A multi-agent workflow for writing and iteratively reviewing an academic economics paper, using independent AI instances for writing, quality gates, and simulated peer review.
"Creative Destruction in the Market for Intelligence: Demand Reallocation When New LLMs Enter"
Using daily data on 385 models from 66 firms over 93 days on OpenRouter, we estimate a nested logit demand model and conduct event studies around model entry events. The headline finding: creative destruction operates almost exclusively through within-family upgrades — predecessors lose 24–35% of daily requests when successors launch, while cross-firm entries produce no detectable displacement.
| Directory | Contents |
|---|---|
WORKFLOW_v2.md |
Paper writing workflow — 5-layer quality assurance with 4 independent critic gates |
WORKFLOW_REVIEW.md |
Simulated peer review workflow — 5 independent referee roles × 3 rounds |
paper/ |
LaTeX source and PDFs for all versions (original, R1 revision, R2 revision, clean final) |
code/ |
Python analysis scripts (data exploration, construction, regressions, robustness, heterogeneity, number verification) |
output/ |
Regression tables (CSV), figures (PNG), identification memo, pre-analysis plan |
logs/ |
All referee reports, editorial letters, response letters, score tracking, revision changelog |
logs/review/ |
Complete Round 1–3 referee reports, editorial decisions, and response letters |
config/ |
Style references and research rules |
- Data Exploration → descriptive statistics, visualizations
- Research Design → identification strategy, pre-analysis plan
- Empirical Analysis → regressions, robustness checks
- Paper Writing → section-by-section LaTeX generation
- 4 Independent Critic Gates → each section must score ≥7/10
- 5 Independent Referees: Field Expert, Methodologist, Writing Specialist, Policy Expert, Red Team (adversarial)

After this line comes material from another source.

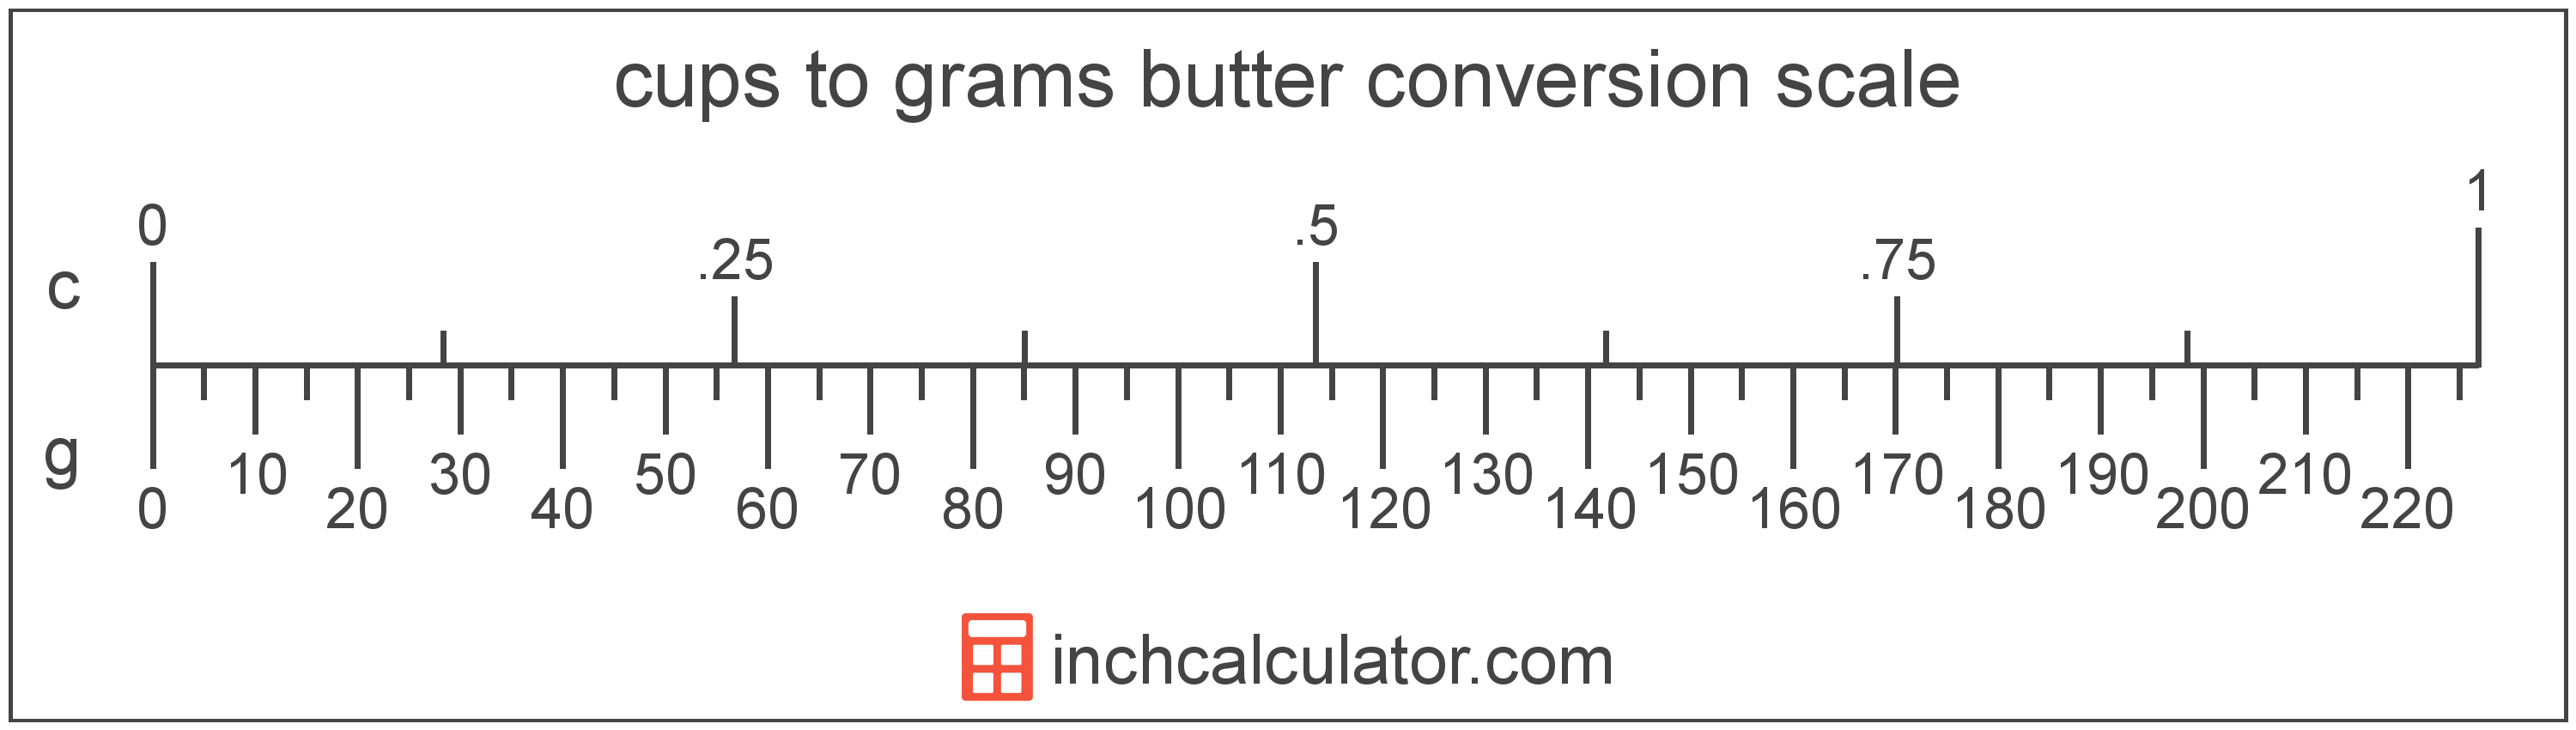 How to Convert Grams to Cups?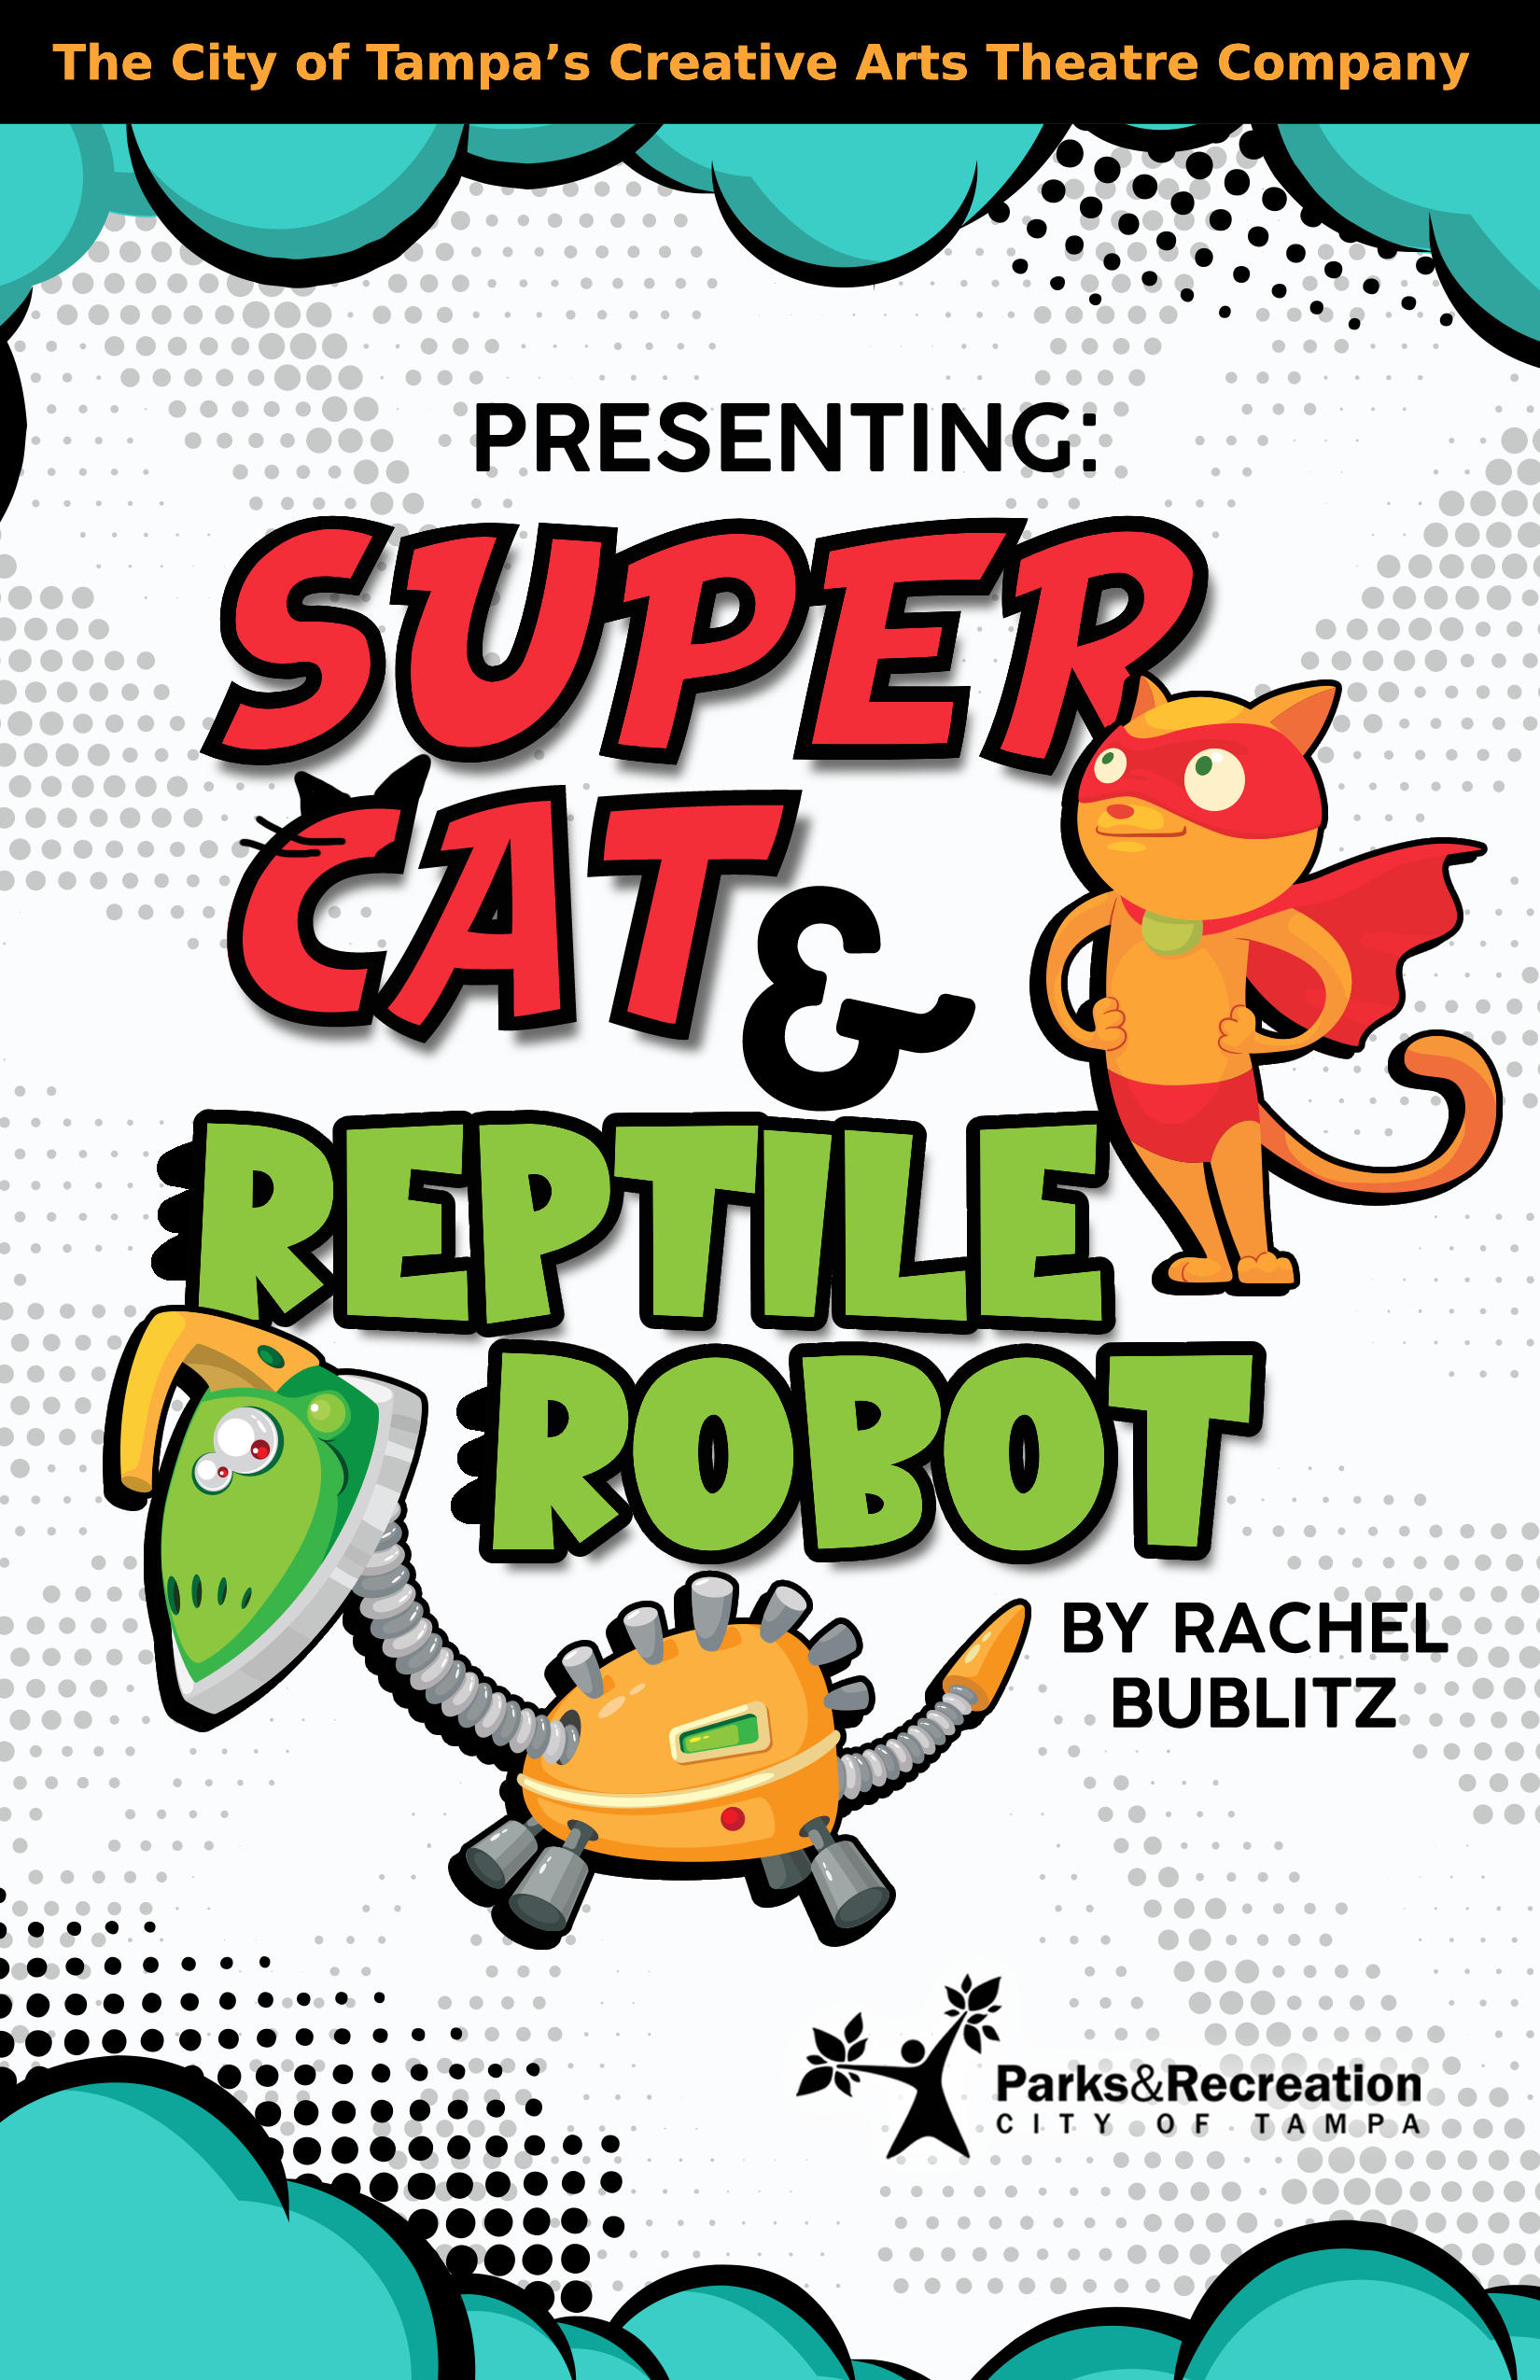 Promotional poster for PRESENTING: SUPER CAT & REPTILE ROBOT with Parks&Recreation City of Tampa.

- Editor synthesizes all reports into an editorial letter
- Response Letter written to address each point
- Revisions implemented with version tracking
- Up to 3 rounds until consensus Accept
- Round 1: Average score 6.3/10 → Major Revision
- Round 2: Average score 7.3/10 → Minor Revision
- Round 3: Average score 7.4/10 → Accept
- Total referee reports generated: 13
- Key improvements: identification discussion, robustness (HonestDiD, Sun & Abraham), title and framing
Raw data (data/) is not included in this repository. The code and analysis scripts reference data files that would need to be obtained separately from OpenRouter's public API.